Scope performs monitoring reviews to determine whether material changes and/or changes in macroeconomic or financial market conditions could have an impact on the credit ratings. Scope considers all available and relevant information when undertaking the monitoring review.
Monitoring reviews are conducted by performing a peer comparison, benchmarking against the rating-change drivers, and/or reviewing the credit ratings’ performance over time, as deemed appropriate by the Lead Analyst or Analytical Team Head, in addition to an assessment of all aspects of the relevant methodologies, including key rating assumptions and model(s). Scope publicly announces the completion of each monitoring review on its website.

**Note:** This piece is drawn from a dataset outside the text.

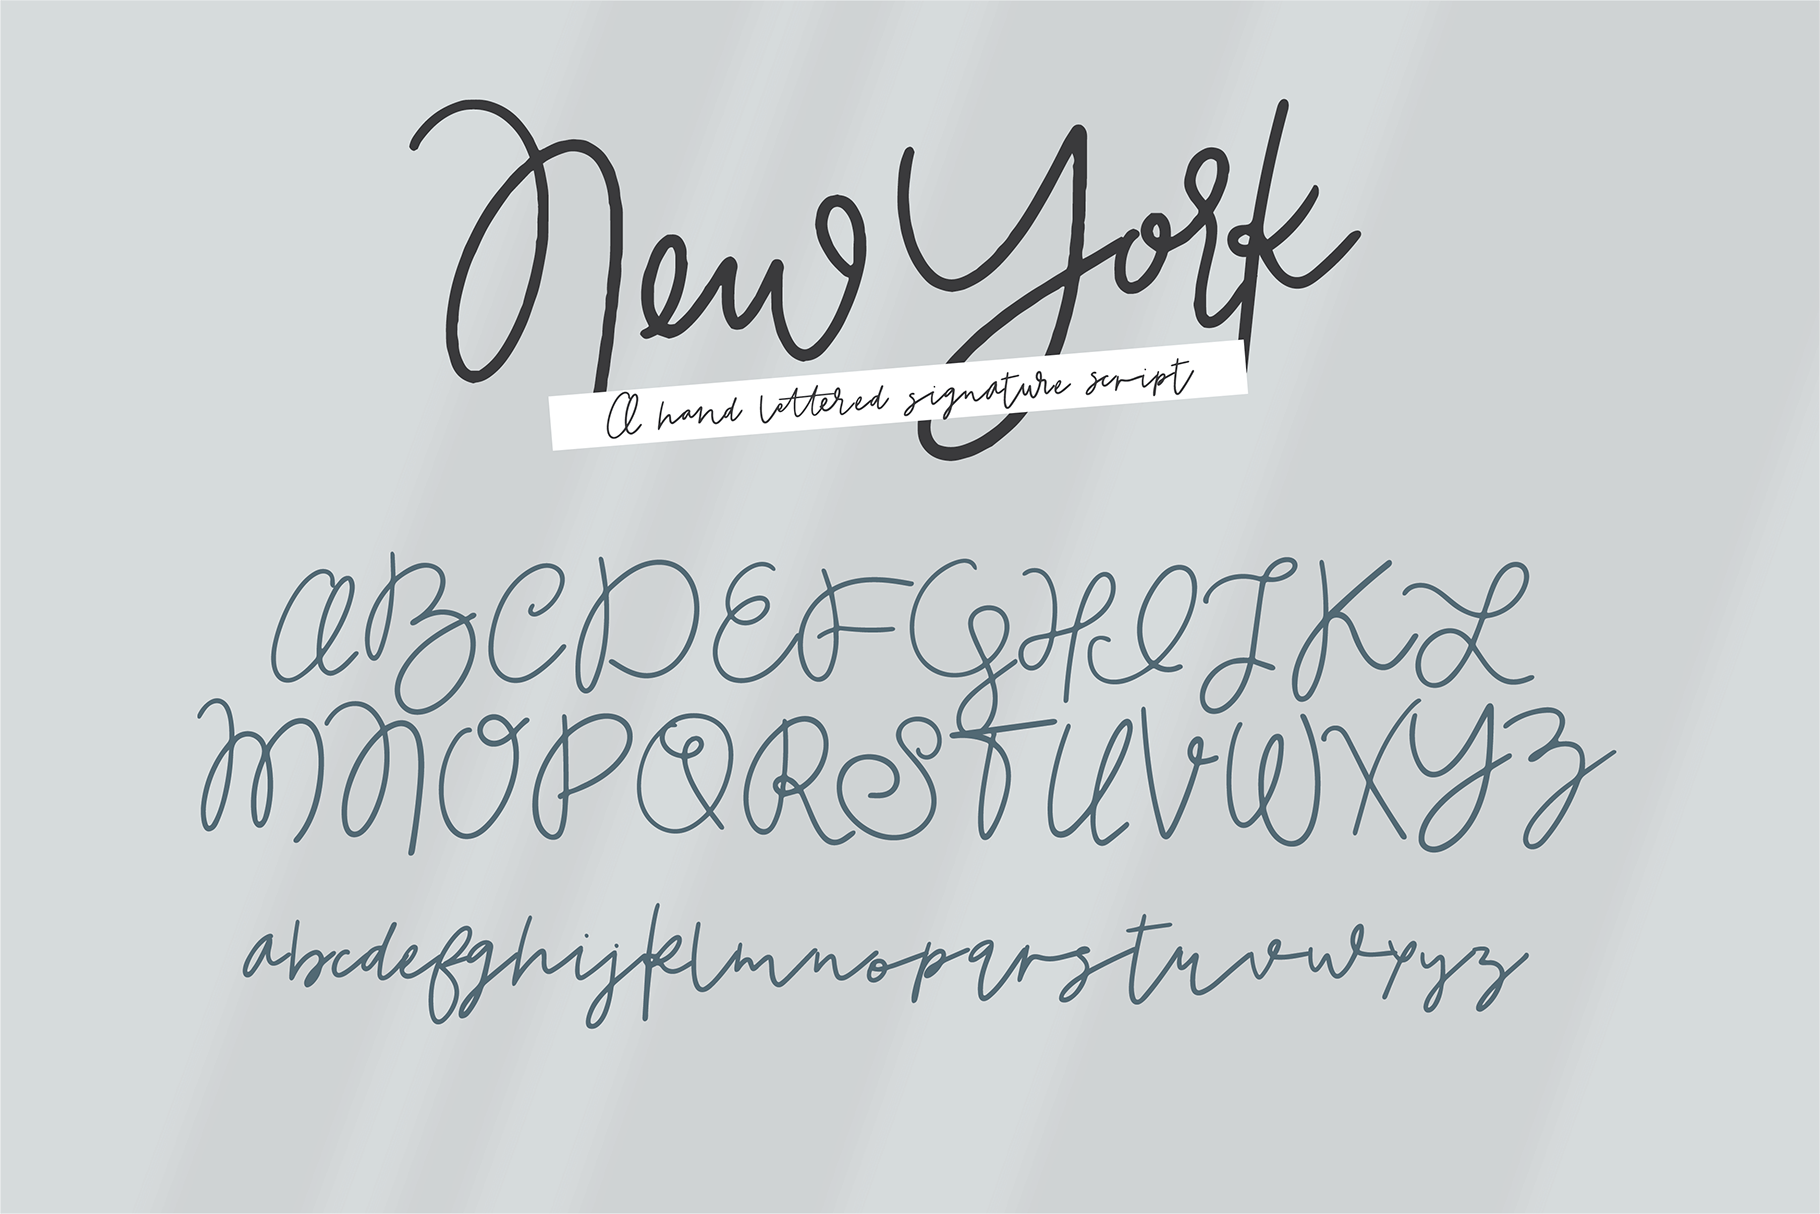 https://media1.thehungryjpeg.com/thumbs2/ori_3678423_zvcgsgvca5fz0ajlrbrt09gqyiybf7yx7fjhct3h_new-york-a-hand-lettered-signature-script-font.png

Scope completed the monitoring review for the Series 2023-124 notes issued by Single Platform Investment Repackaging Entity SA (SPIRE) pursuant to its secured note programme on 5 September 2024. The credit rating remains as follows:
Series 2023-124 (ISIN XS2664934101), outstanding notional EUR 7.8m: B+
This monitoring note does not constitute a credit rating action, nor does it indicate the likelihood that Scope will conduct a credit rating action in the short term. Information about the latest credit rating action connected with this monitoring note along with the associated rating history can be found on www.scoperatings.com.
Key rating factors
Rating factors assessed during the monitoring review include: i) the credit quality and characteristics of the underlying assets; ii) the credit quality of the counterparties and potential mitigants to counterparty risk; iii) the swap mark-to-market evolution of the embedded swap; and iv) the legal and financial structure of the transaction.
Potential losses for the issuer may occur following a default of the underlying collateral (NatWest Group bonds) or swap counterparty and early settlement of swap mark-to-market. The strong credit quality of both the underlying collateral and Barclays as swap counterparty implies a low likelihood of default and thereby mitigates the contribution of expected loss from these potential scenarios.
Potential losses may also occur following an exercise of the underlying collateral call provision. The high likelihood of call in combination with a short remaining time until the call is applicable leads to this scenario being the main risk driver of the transaction.
The methodologies applicable for the reviewed rating (General Structured Finance Rating Methodology, 6 March 2024; Counterparty Risk Methodology, 10 July 2024) are available on https://scoperatings.com/governance-and-policies/rating-governance/methodologies.
This monitoring note is issued by Scope Ratings UK Limited at 52 Grosvenor Gardens, London, SW1W 0AU, +44 207 8245180.